Eyes, which, for all the world, he couldn’t remember the colour of.

Something lit inside him. He roared, throwing off the blankets, and stormed from his room, legs quaking from underuse and an empty stomach. When he reached the red lion’s hangar, she was already roused; sitting like a house cat, eyes glowing gold. Gears whirred as she lowered her maw to greet him. On his approach, he grabbed a long metal pipe from a workbench; enjoyed its weight in his right hand. He tossed it to his left and brought the full weight down on her gleaming nose. The bones in his arm thrummed with the impact. He brought it down again so hard he almost lost the pipe with the bounce. Distraught animal howls ricocheted in his skull.

‘Why did you leave her?!’ he screamed. ‘Why didn’t you take her too?!’ He switched hands and continued his assault.

Voices sounded from the door, together with thundering feet. Someone made a grab for pipe, but Keith ducked free, driving the pipe into the space between the black nose and shining white muzzle, and levering it until the metal screeched.

Strong arms grabbed him from behind and swung him up and away from Red. The pipe clattered to the floor. He thrashed and kicked, screamed and clawed, and was eventually – by accident or intent – thrown to the ground.

‘Keith!’ barked Shiro, standing between him and the dumb weight of the red lion. ‘You can’t– What did you plan to do?’

Panting, Keith wiped at his mouth, eyeing up the distressed faces of the others. Among them, only Lance looked like he had the kind of spirit Keith needed; a little flare of self-righteousness Keith wanted to beat into the ground. He curled his tongue and spat past the team's slack faces. It hit Red’s face like a bullet.

‘Hey!’ shouted Lance, moving to Shiro’s side. ‘Watch it!’

Keith climbed to his feet, issuing a cautioning hiss when Shiro offered his hand.

‘This machine is a piece of shit.’ Silence greeted Keith, but Allura’s face spoke loud and clear: immediate indignation. Her fist clenched at her side. ‘Voltron,’ he panted, ‘is a piece of shit.’

‘Don’t speak like that in here,’ whispered Allura, but her words were a gale.

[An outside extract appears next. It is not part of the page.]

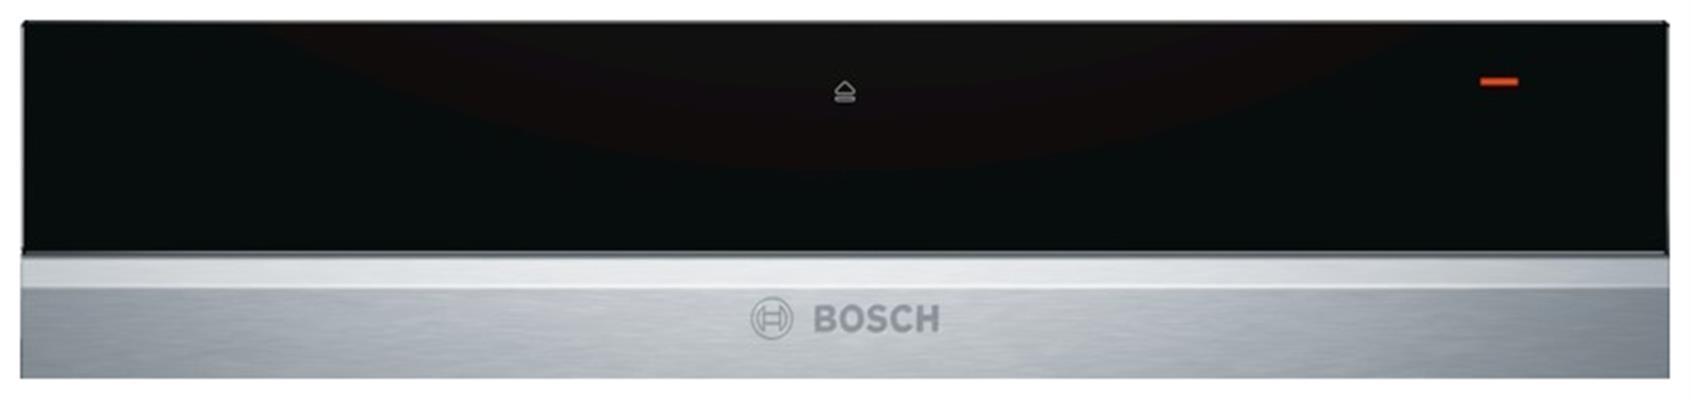 Bic630ns1 bosch warmhoudlade de beste prijs for Bosch apparatuur

Shiro raised entreating hands. ‘Keith, let’s get you back to bed. You’re not thinking straight. We know you’re mad at the red lion–’ Lance’s eyes narrowed, but Shiro stilled him with a gentle hand. ‘But you’re not going to achieve anything by going at her with some pipe.’

‘You shouldn’t be going at her at all!’ yelled Lance. ‘Red saved your life!’ Ignoring Keith’s expectant sneer, he continued. ‘You’re a paladin. You were _her_ paladin. One of us! You’re part of this team, aren’t you?’

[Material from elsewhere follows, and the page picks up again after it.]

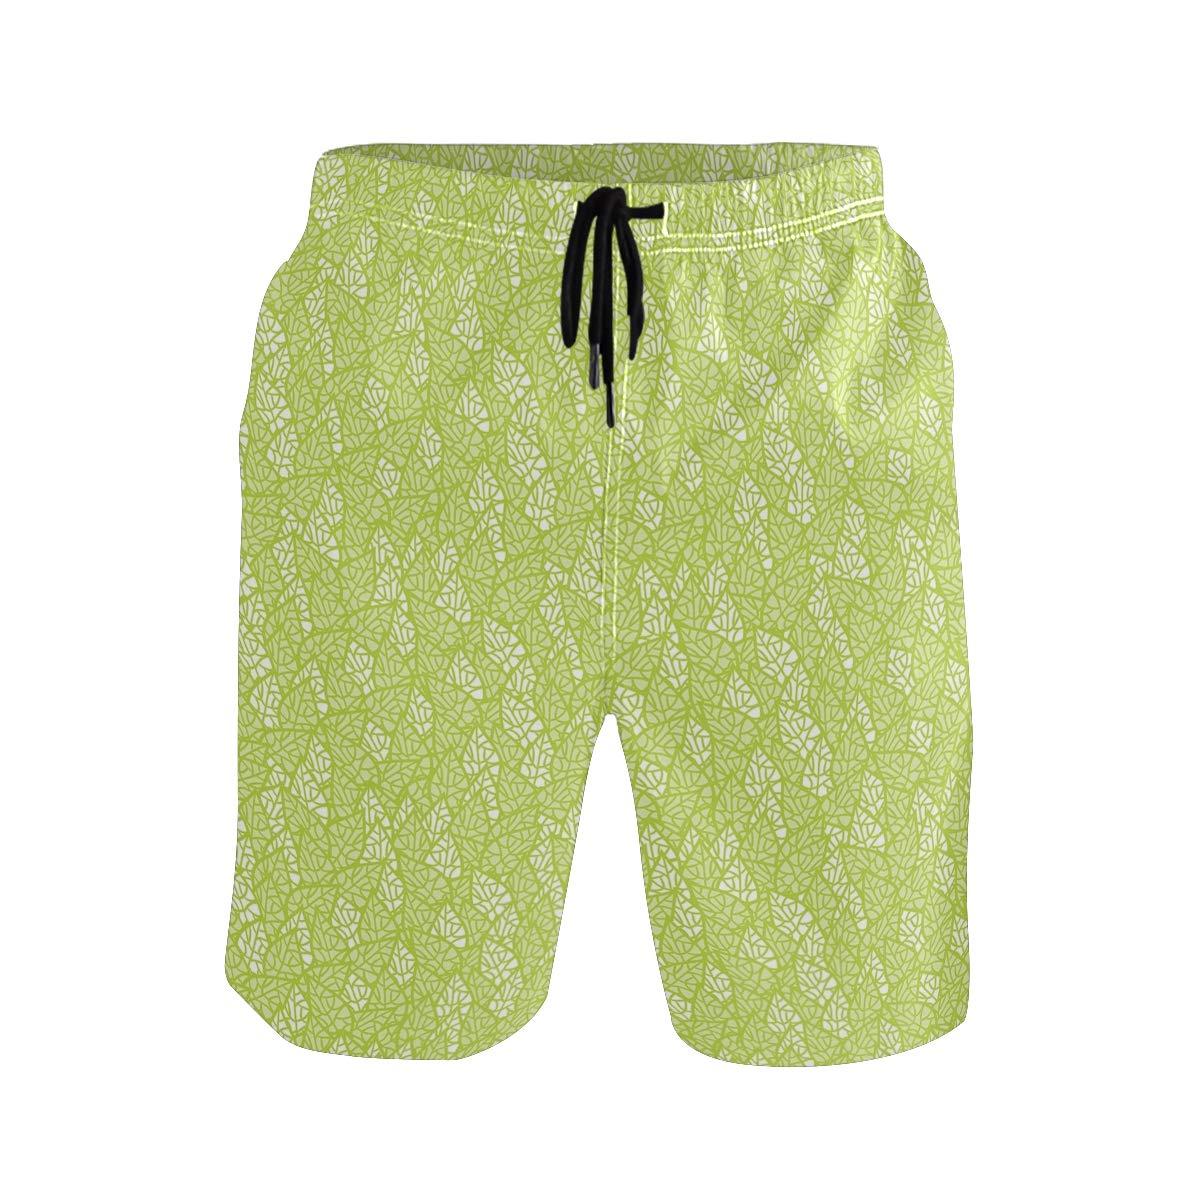 COVASA Mens Summer ShortsAbstract Style Simplistic Oval Shapes Repeating On Tu

Keith shook his head and bit his lip. His eyes had started welling again, but fuck the tears and fuck this group. ‘No,’ he said. ‘I’m not.’

That drew a response. That got Hunk and Pidge and Coran melting from stricken statues into an incredulous Greek chorus of _no’s_ and _Keith’s._

He struggled to speak. His lungs were hard and burnt, filled with soot. ‘You’re... so sure you're the good guys.’ His breath shuddered in and out of him, and he couldn’t bare to look at Shiro’s waiting face. ‘You’re cold. All of you are so… _cold.’_ Keith threw a finger to the red lion. ‘She left her. She left my mom behind.’ He sobbed, his arm dropping to his side as he collapsed into tears. Red’s mournful cries shook him from his spine to his temples. He twisted his head to get away from her. But she followed, and followed, and followed.

‘Keith,’ said Allura, gentle, and ever so plain. ‘We didn’t know she was your mother.’

‘You shouldn’t have to know someone to want to save their life!’ He pushed his face into his hands, already soaked with tears. 'What's wrong with you?'

The hangar lights fizzed to red as the alarms began blaring. Coran fumbled his reader from his pocket and looked up at the group, panicked. ‘A Galra scouting ship,’ he said. ‘Massive quintessence. _Massive_ amounts. Strange quintessence, too.’

While the others crowded around Coran, happy for the distraction, Shiro approached Keith. ‘We’ll make this right,’ he said.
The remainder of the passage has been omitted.